This may be a good strategy for getting a small number of random numbers with enormous values from a really large set of them in which they are not duplicated. Just pick a random location in the source set, obtain its value, swap its value with the top element in the source set, reduce the size of the source set by one and repeat with the reduced size source set until you have chosen enough values. This is essentiall the Durstenfeld version of Fisher-Yates in reverse. You can then use the Dursenfeld version of the Fisher-Yates algorithm to insert the acquired values into the destination set. However, that is overkill since they should be randomly chosen and randomly ordered as given here.
Both algorithms assume you have some random number instance method, nextInt(int setSize), that generates a random integer from zero to setSize meaning there are setSize possible values. In this case, it will be the size of the array since the last index to the array is size-1.
The first algorithm is the Durstenfeld version of Fisher-Yates (aka Knuth) shuffle algorithm as applied to an array of arbitrary length, one that simply randomly positions integers from 0 to the length of the array into the array. The array need not be an array of integers, but can be an array of any objects that are acquired sequentially which, effectively, makes it an array of reference pointers. It is simple, short and very effective
int size = someNumber;
int[] int array = new int[size]; // here is the array to load
int location; // this will get assigned a value before used
// i will also conveniently be the value to load, but any sequentially acquired
// object will work
for (int i = 0; i <= size; i++) { // conveniently, i is also the value to load
// you can instance or acquire any object at this place in the algorithm to load
// by reference, into the array and use a pointer to it in place of j
int j = i; // in this example, j is trivially i
if (i == 0) { // first integer goes into first location
array[i] = j; // this may get swapped from here later
} else { // subsequent integers go into random locations
// the next random location will be somewhere in the locations
// already used or a new one at the end
// here we get the next random location
// to preserve true randomness without a significant bias
// it is REALLY IMPORTANT that the newest value could be
// stored in the newest location, that is,
// location has to be able to randomly have the value i
int location = nextInt(i + 1); // a random value between 0 and i
// move the random location's value to the new location
array[i] = array[location];
array[location] = j; // put the new value into the random location
} // end if...else
} // end for
Voila, you now have an already randomized array.
If you want to randomly shuffle an array you already have, here is the standard Fisher-Yates algorithm.
type[] array = new type[size];
// some code that loads array...
// randomly pick an item anywhere in the current array segment,
// swap it with the top element in the current array segment,
// then shorten the array segment by 1
// just as with the Durstenfeld version above,
// it is REALLY IMPORTANT that an element could get
// swapped with itself to avoid any bias in the randomization
type temp; // this will get assigned a value before used
int location; // this will get assigned a value before used
for (int i = arrayLength -1 ; i > 0; i--) {
int location = nextInt(i + 1);
temp = array[i];
array[i] = array[location];
array[location] = temp;
} // end for
For sequenced collections and sets, i.e. some type of list object, you could just use adds/or inserts with an index value that allows you to insert items anywhere, but it has to allow adding or appending after the current last item to avoid creating bias in the randomization.

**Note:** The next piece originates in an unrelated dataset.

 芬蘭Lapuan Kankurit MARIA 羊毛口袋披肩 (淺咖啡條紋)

Shuffling N elements doesn't take up excessive memory...think about it. You only swap one element at a time, so the maximum memory used is that of N+1 elements.

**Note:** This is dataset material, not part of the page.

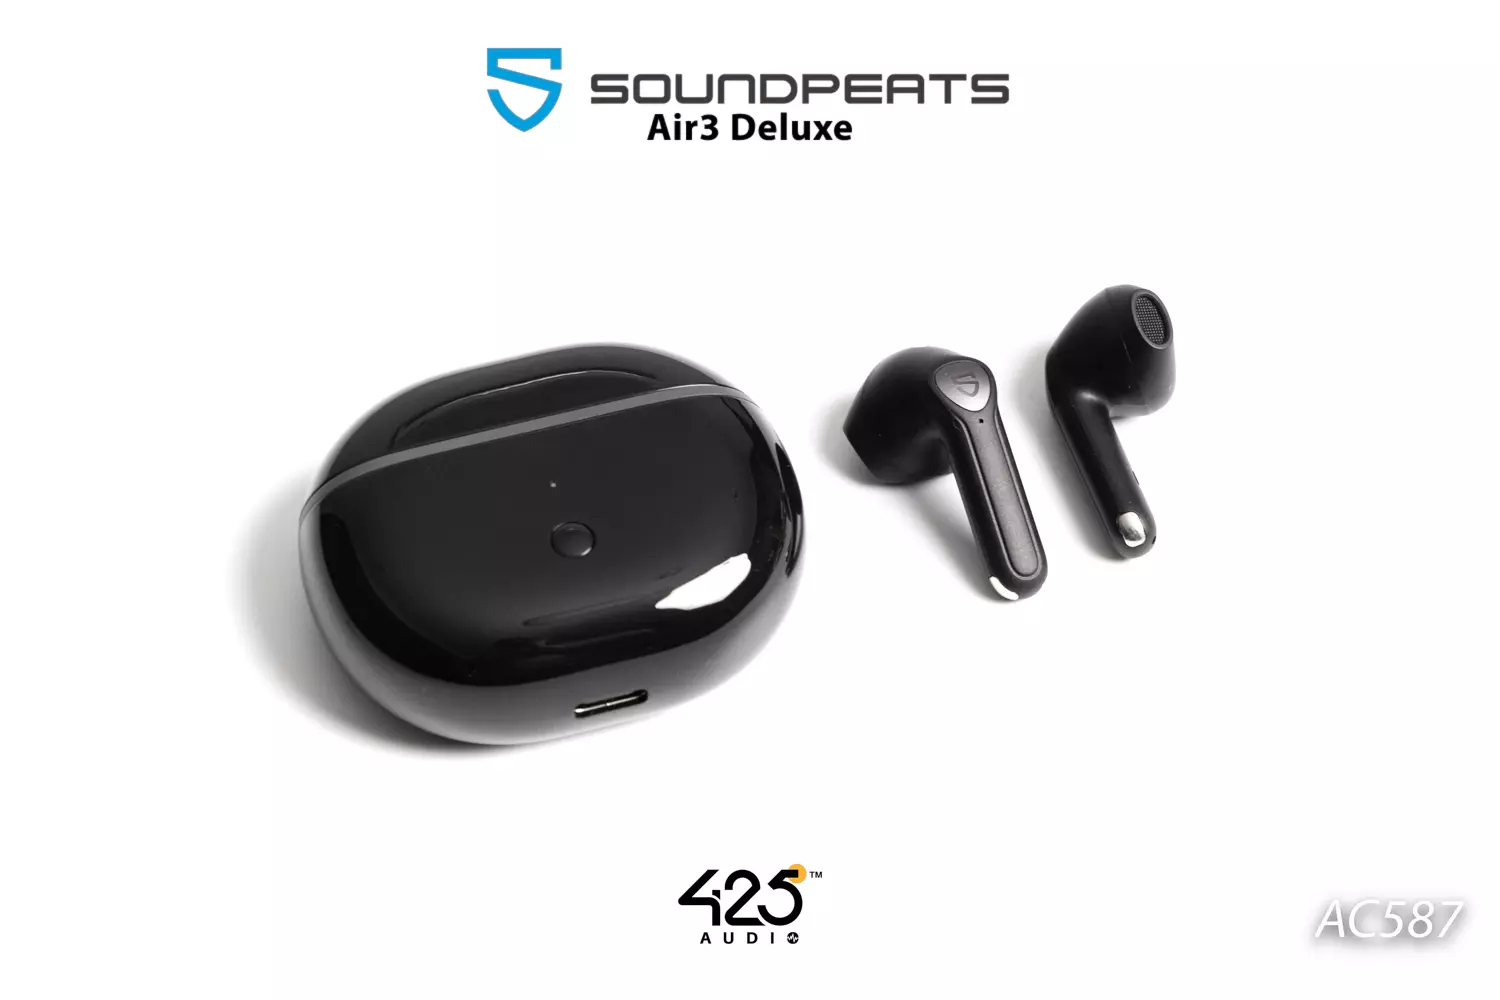 SoundPEATS Air3 ทรง earbud เบสแน่น ไมค์ 4 ตัวคุยชัด เซนเซอร์ถอด

Assuming you have a random or pseudo-random number generator, even if it's not guaranteed to return unique values, you can implement one that returns unique values each time using this code, assuming that the upper limit remains constant (i.e. you always call it with random(10), and don't call it with random(10); random(11).
The code doesn't check for errors. You can add that yourself if you want to.
It also requires a lot of memory if you want a large range of numbers.
/* the function returns a random number between 0 and max -1
* not necessarily unique
* I assume it's written
*/
int random(int max);
/* the function returns a unique random number between 0 and max - 1 */
int unique_random(int max)
{
static int *list = NULL; /* contains a list of numbers we haven't returned */
static int in_progress = 0; /* 0 --> we haven't started randomizing numbers
* 1 --> we have started randomizing numbers
*/
static int count;
static prev_max = 0;
// initialize the list
if (!in_progress || (prev_max != max)) {
if (list != NULL) {
free(list);
}
list = malloc(sizeof(int) * max);
prev_max = max;
in_progress = 1;
count = max - 1;
int i;
for (i = max - 1; i >= 0; --i) {
list[i] = i;
}
}
/* now choose one from the list */
int index = random(count);
int retval = list[index];
/* now we throw away the returned value.
* we do this by shortening the list by 1
* and replacing the element we returned with
* the highest remaining number
*/
swap(&list[index], &list[count]);
/* when the count reaches 0 we start over */
if (count == 0) {
in_progress = 0;
free(list);
list = 0;
} else { /* reduce the counter by 1 */
count--;
}
}
/* swap two numbers */
void swap(int *x, int *y)
{
int temp = *x;
*x = *y;
*y = temp;
}

Actually, there's a minor point to make here; a random number generator which is not permitted to repeat is not random.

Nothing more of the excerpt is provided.